Они сидели за столом, из чашки, стоявшей на столе, вырывался пар ароматного чая, конфеты и всякие вкусности, лежавшие рядом, манили глаз. У Луки даже слюнки потекли.
– Внучок, ты это, кушай-кушай свои конфетки. Я-то бабка старая, зубов уже нет, не угрызу ведь, – по теплому она улыбнулась парню. – Ты уж извини, но не могу предложить похлёбку, я не ждала гостей так рано.
– Все к чаю свежее, мягкое, кушайте, вам понравится.
– Хорошо, уговорил, – взяла вафельку и хрустнула ей, запив чаем.
– Ну как вы тут. Мать сказала – вы болеете, я тут таблеток всяких понакупил, – парень указал на большой пакет, который он оставил у входа.
– Да все хорошо, сынок, все хорошо.

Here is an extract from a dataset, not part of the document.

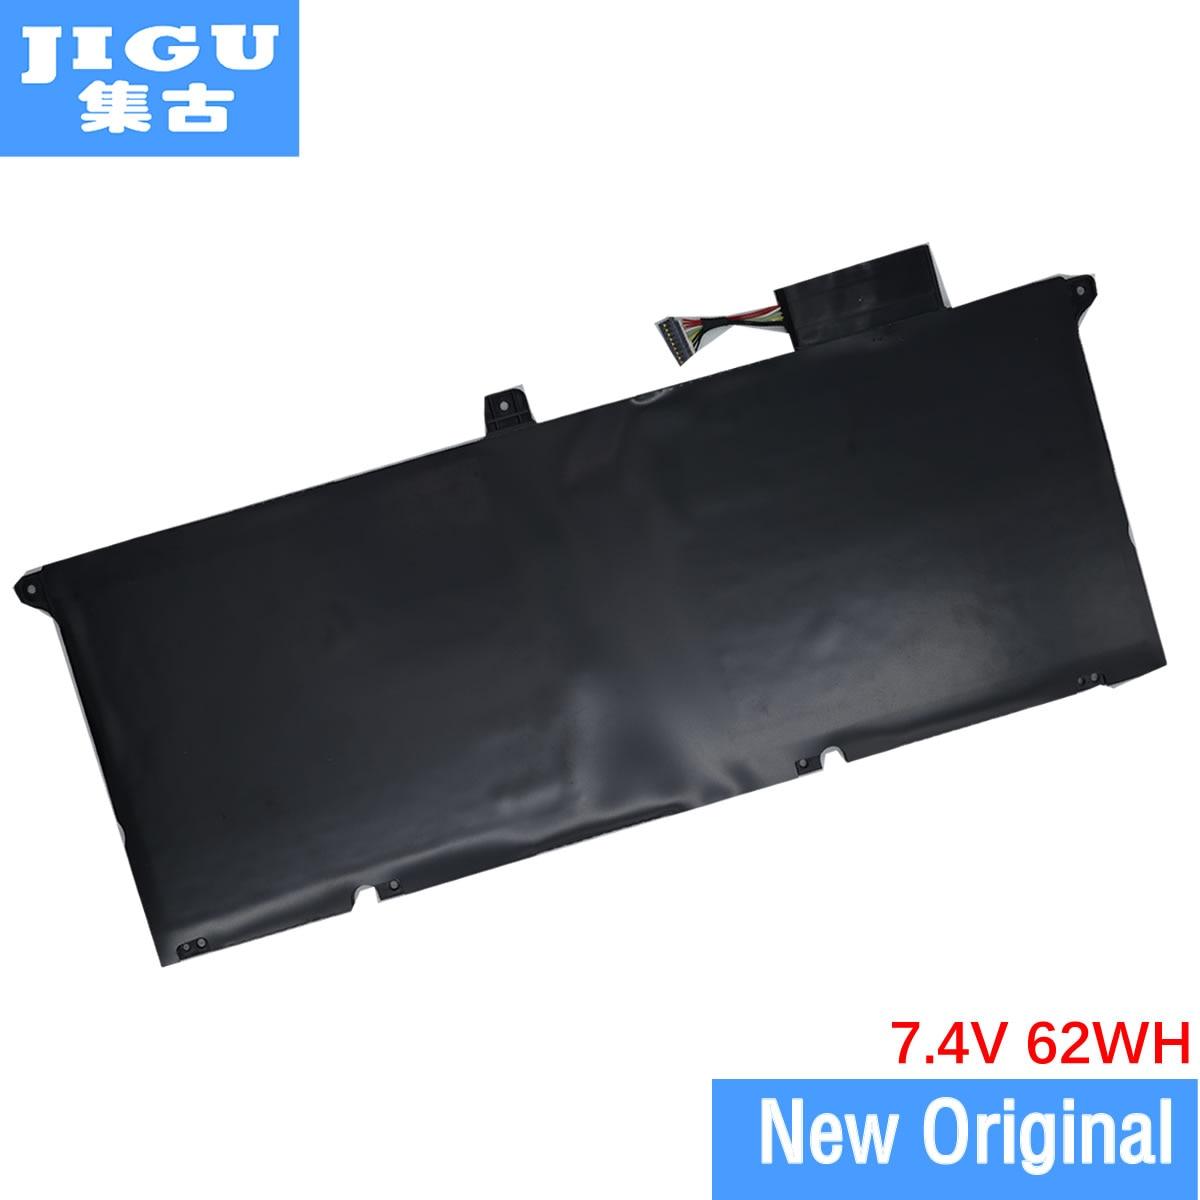 JIGU 8400mAh AA-PBXN8AR Replacement Laptop Battery For Samsung 900X4 900X46 900X4B-A01DE 900X4B-A01FR 900X4B-A03 NP900X4 hot sale replacement laptop battery for samsung 7800mah 11 1v 3530ea aa pb9nc6b aa pb9nc6w r580 r428
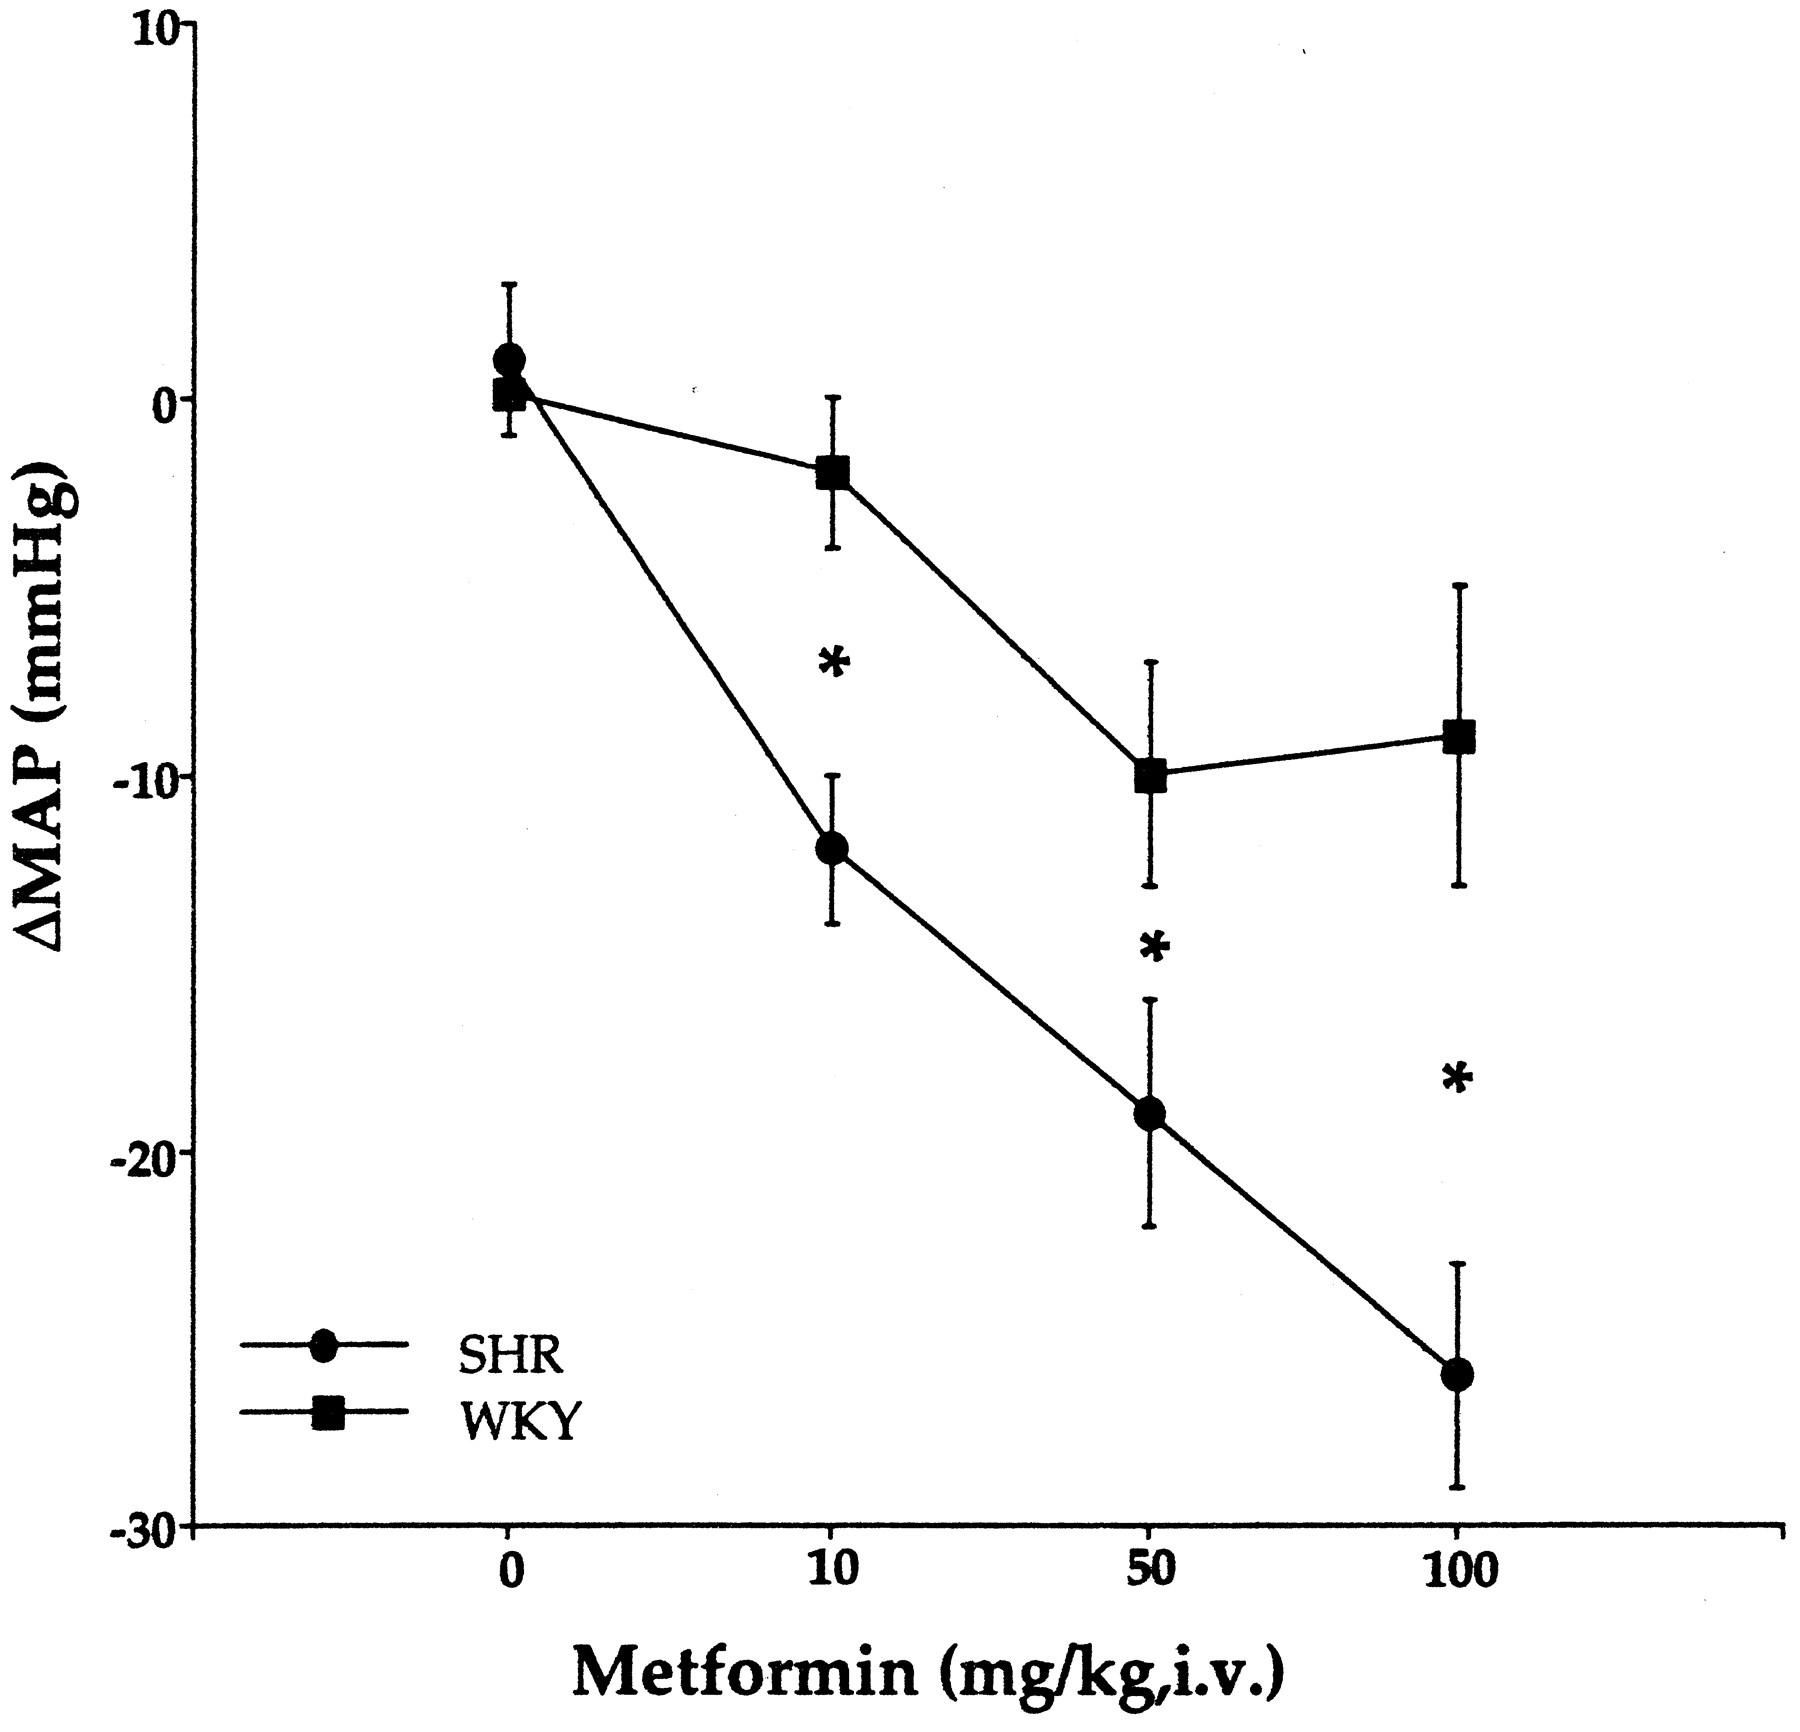 Effects of Adrenergic, Cholinergic and Ganglionic Blockade

Ноги у меня больные, суставы болят, руки не поднимаются, старость одолела уже меня, тяжко.
– Аа, вон про что вы писали, а я думал какая простуда у вас или инфекция. Фуф, ну это хорошо, – Лука с облегчением выдохнул.
– Да не, что ты, я крепкая, все мимо меня проходит, – перекрестилась старушка. – А ты на долго ко мне тут?
– Ну, на недельку, помогу вам по хозяйству, да составлю компанию. Мне как раз перерыв нужен, отдохнуть не помешало бы.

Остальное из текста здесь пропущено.